What you have to do:
An exact copy of the entries below is the expected answer.

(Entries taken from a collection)

◇ ◇ ◇ ◇ ◇

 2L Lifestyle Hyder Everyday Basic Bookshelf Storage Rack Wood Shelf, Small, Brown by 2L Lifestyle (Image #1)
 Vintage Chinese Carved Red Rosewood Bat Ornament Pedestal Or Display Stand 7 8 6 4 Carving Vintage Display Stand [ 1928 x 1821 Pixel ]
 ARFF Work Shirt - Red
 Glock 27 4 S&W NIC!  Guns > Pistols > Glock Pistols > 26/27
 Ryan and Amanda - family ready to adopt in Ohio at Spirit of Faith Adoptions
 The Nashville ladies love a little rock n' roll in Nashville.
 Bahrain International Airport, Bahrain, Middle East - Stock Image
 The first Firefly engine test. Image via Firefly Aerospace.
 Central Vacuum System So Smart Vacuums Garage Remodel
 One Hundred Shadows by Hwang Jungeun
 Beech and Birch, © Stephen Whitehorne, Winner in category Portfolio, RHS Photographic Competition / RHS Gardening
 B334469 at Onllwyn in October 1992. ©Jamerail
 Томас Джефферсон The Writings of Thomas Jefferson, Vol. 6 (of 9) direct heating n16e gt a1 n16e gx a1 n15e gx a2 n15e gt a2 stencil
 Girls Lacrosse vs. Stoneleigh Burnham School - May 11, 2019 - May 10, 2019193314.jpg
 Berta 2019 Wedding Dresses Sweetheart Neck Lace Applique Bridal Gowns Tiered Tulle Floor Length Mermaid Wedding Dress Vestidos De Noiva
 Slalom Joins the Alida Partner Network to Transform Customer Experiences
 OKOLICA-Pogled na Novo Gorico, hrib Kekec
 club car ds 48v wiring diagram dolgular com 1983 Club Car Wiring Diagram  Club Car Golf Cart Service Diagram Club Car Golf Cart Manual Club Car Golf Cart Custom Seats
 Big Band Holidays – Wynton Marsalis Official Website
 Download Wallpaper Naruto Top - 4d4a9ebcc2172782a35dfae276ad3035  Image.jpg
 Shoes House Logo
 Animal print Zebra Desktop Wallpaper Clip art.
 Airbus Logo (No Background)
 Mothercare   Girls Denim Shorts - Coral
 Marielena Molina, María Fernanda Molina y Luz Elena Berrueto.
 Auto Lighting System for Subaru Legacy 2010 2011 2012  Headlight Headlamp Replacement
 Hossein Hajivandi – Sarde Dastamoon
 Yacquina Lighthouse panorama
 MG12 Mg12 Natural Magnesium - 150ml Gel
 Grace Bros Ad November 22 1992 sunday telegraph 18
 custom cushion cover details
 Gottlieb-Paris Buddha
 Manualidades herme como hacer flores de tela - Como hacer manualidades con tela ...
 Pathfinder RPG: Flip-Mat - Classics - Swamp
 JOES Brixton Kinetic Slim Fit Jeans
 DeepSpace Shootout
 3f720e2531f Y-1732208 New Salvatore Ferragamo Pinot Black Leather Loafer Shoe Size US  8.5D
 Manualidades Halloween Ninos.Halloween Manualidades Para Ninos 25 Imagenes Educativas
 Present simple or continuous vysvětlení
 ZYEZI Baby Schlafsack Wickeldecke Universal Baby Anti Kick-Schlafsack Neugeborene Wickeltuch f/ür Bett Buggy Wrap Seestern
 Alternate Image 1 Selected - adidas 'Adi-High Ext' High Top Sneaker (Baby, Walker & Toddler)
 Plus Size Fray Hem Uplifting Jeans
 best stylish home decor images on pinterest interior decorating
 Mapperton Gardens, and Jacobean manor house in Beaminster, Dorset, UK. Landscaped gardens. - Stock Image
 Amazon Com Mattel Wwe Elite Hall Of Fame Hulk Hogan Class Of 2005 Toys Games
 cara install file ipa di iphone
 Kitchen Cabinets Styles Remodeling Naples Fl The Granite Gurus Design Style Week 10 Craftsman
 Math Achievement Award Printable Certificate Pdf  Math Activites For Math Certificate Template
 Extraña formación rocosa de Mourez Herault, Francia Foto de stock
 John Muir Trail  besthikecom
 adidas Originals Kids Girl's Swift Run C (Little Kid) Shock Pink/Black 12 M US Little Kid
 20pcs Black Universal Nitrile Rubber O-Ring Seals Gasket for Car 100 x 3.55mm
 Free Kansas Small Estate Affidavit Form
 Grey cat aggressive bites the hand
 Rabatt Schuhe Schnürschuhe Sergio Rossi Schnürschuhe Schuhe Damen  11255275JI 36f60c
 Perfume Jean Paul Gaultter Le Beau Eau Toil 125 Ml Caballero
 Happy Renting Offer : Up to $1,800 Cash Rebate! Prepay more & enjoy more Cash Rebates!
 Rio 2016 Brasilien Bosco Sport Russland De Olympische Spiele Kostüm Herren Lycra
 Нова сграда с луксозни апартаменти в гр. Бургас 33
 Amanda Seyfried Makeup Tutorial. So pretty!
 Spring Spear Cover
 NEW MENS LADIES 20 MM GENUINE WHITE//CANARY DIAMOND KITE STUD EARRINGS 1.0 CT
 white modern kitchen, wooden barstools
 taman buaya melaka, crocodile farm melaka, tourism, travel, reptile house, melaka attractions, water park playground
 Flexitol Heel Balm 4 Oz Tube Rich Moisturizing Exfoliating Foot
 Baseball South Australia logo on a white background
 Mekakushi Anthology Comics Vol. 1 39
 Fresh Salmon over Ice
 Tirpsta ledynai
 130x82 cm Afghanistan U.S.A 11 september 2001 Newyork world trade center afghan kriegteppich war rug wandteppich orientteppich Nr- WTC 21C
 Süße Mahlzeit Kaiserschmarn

◇ ◇ ◇ ◇ ◇

Expected answer:
 2L Lifestyle Hyder Everyday Basic Bookshelf Storage Rack Wood Shelf, Small, Brown by 2L Lifestyle (Image #1)
 Vintage Chinese Carved Red Rosewood Bat Ornament Pedestal Or Display Stand 7 8 6 4 Carving Vintage Display Stand [ 1928 x 1821 Pixel ]
 ARFF Work Shirt - Red
 Glock 27 4 S&W NIC!  Guns > Pistols > Glock Pistols > 26/27
 Ryan and Amanda - family ready to adopt in Ohio at Spirit of Faith Adoptions
 The Nashville ladies love a little rock n' roll in Nashville.
 Bahrain International Airport, Bahrain, Middle East - Stock Image
 The first Firefly engine test. Image via Firefly Aerospace.
 Central Vacuum System So Smart Vacuums Garage Remodel
 One Hundred Shadows by Hwang Jungeun
 Beech and Birch, © Stephen Whitehorne, Winner in category Portfolio, RHS Photographic Competition / RHS Gardening
 B334469 at Onllwyn in October 1992. ©Jamerail
 Томас Джефферсон The Writings of Thomas Jefferson, Vol. 6 (of 9) direct heating n16e gt a1 n16e gx a1 n15e gx a2 n15e gt a2 stencil
 Girls Lacrosse vs. Stoneleigh Burnham School - May 11, 2019 - May 10, 2019193314.jpg
 Berta 2019 Wedding Dresses Sweetheart Neck Lace Applique Bridal Gowns Tiered Tulle Floor Length Mermaid Wedding Dress Vestidos De Noiva
 Slalom Joins the Alida Partner Network to Transform Customer Experiences
 OKOLICA-Pogled na Novo Gorico, hrib Kekec
 club car ds 48v wiring diagram dolgular com 1983 Club Car Wiring Diagram  Club Car Golf Cart Service Diagram Club Car Golf Cart Manual Club Car Golf Cart Custom Seats
 Big Band Holidays – Wynton Marsalis Official Website
 Download Wallpaper Naruto Top - 4d4a9ebcc2172782a35dfae276ad3035  Image.jpg
 Shoes House Logo
 Animal print Zebra Desktop Wallpaper Clip art.
 Airbus Logo (No Background)
 Mothercare   Girls Denim Shorts - Coral
 Marielena Molina, María Fernanda Molina y Luz Elena Berrueto.
 Auto Lighting System for Subaru Legacy 2010 2011 2012  Headlight Headlamp Replacement
 Hossein Hajivandi – Sarde Dastamoon
 Yacquina Lighthouse panorama
 MG12 Mg12 Natural Magnesium - 150ml Gel
 Grace Bros Ad November 22 1992 sunday telegraph 18
 custom cushion cover details
 Gottlieb-Paris Buddha
 Manualidades herme como hacer flores de tela - Como hacer manualidades con tela ...
 Pathfinder RPG: Flip-Mat - Classics - Swamp
 JOES Brixton Kinetic Slim Fit Jeans
 DeepSpace Shootout
 3f720e2531f Y-1732208 New Salvatore Ferragamo Pinot Black Leather Loafer Shoe Size US  8.5D
 Manualidades Halloween Ninos.Halloween Manualidades Para Ninos 25 Imagenes Educativas
 Present simple or continuous vysvětlení
 ZYEZI Baby Schlafsack Wickeldecke Universal Baby Anti Kick-Schlafsack Neugeborene Wickeltuch f/ür Bett Buggy Wrap Seestern
 Alternate Image 1 Selected - adidas 'Adi-High Ext' High Top Sneaker (Baby, Walker & Toddler)
 Plus Size Fray Hem Uplifting Jeans
 best stylish home decor images on pinterest interior decorating
 Mapperton Gardens, and Jacobean manor house in Beaminster, Dorset, UK. Landscaped gardens. - Stock Image
 Amazon Com Mattel Wwe Elite Hall Of Fame Hulk Hogan Class Of 2005 Toys Games
 cara install file ipa di iphone
 Kitchen Cabinets Styles Remodeling Naples Fl The Granite Gurus Design Style Week 10 Craftsman
 Math Achievement Award Printable Certificate Pdf  Math Activites For Math Certificate Template
 Extraña formación rocosa de Mourez Herault, Francia Foto de stock
 John Muir Trail  besthikecom
 adidas Originals Kids Girl's Swift Run C (Little Kid) Shock Pink/Black 12 M US Little Kid
 20pcs Black Universal Nitrile Rubber O-Ring Seals Gasket for Car 100 x 3.55mm
 Free Kansas Small Estate Affidavit Form
 Grey cat aggressive bites the hand
 Rabatt Schuhe Schnürschuhe Sergio Rossi Schnürschuhe Schuhe Damen  11255275JI 36f60c
 Perfume Jean Paul Gaultter Le Beau Eau Toil 125 Ml Caballero
 Happy Renting Offer : Up to $1,800 Cash Rebate! Prepay more & enjoy more Cash Rebates!
 Rio 2016 Brasilien Bosco Sport Russland De Olympische Spiele Kostüm Herren Lycra
 Нова сграда с луксозни апартаменти в гр. Бургас 33
 Amanda Seyfried Makeup Tutorial. So pretty!
 Spring Spear Cover
 NEW MENS LADIES 20 MM GENUINE WHITE//CANARY DIAMOND KITE STUD EARRINGS 1.0 CT
 white modern kitchen, wooden barstools
 taman buaya melaka, crocodile farm melaka, tourism, travel, reptile house, melaka attractions, water park playground
 Flexitol Heel Balm 4 Oz Tube Rich Moisturizing Exfoliating Foot
 Baseball South Australia logo on a white background
 Mekakushi Anthology Comics Vol. 1 39
 Fresh Salmon over Ice
 Tirpsta ledynai
 130x82 cm Afghanistan U.S.A 11 september 2001 Newyork world trade center afghan kriegteppich war rug wandteppich orientteppich Nr- WTC 21C
 Süße Mahlzeit Kaiserschmarn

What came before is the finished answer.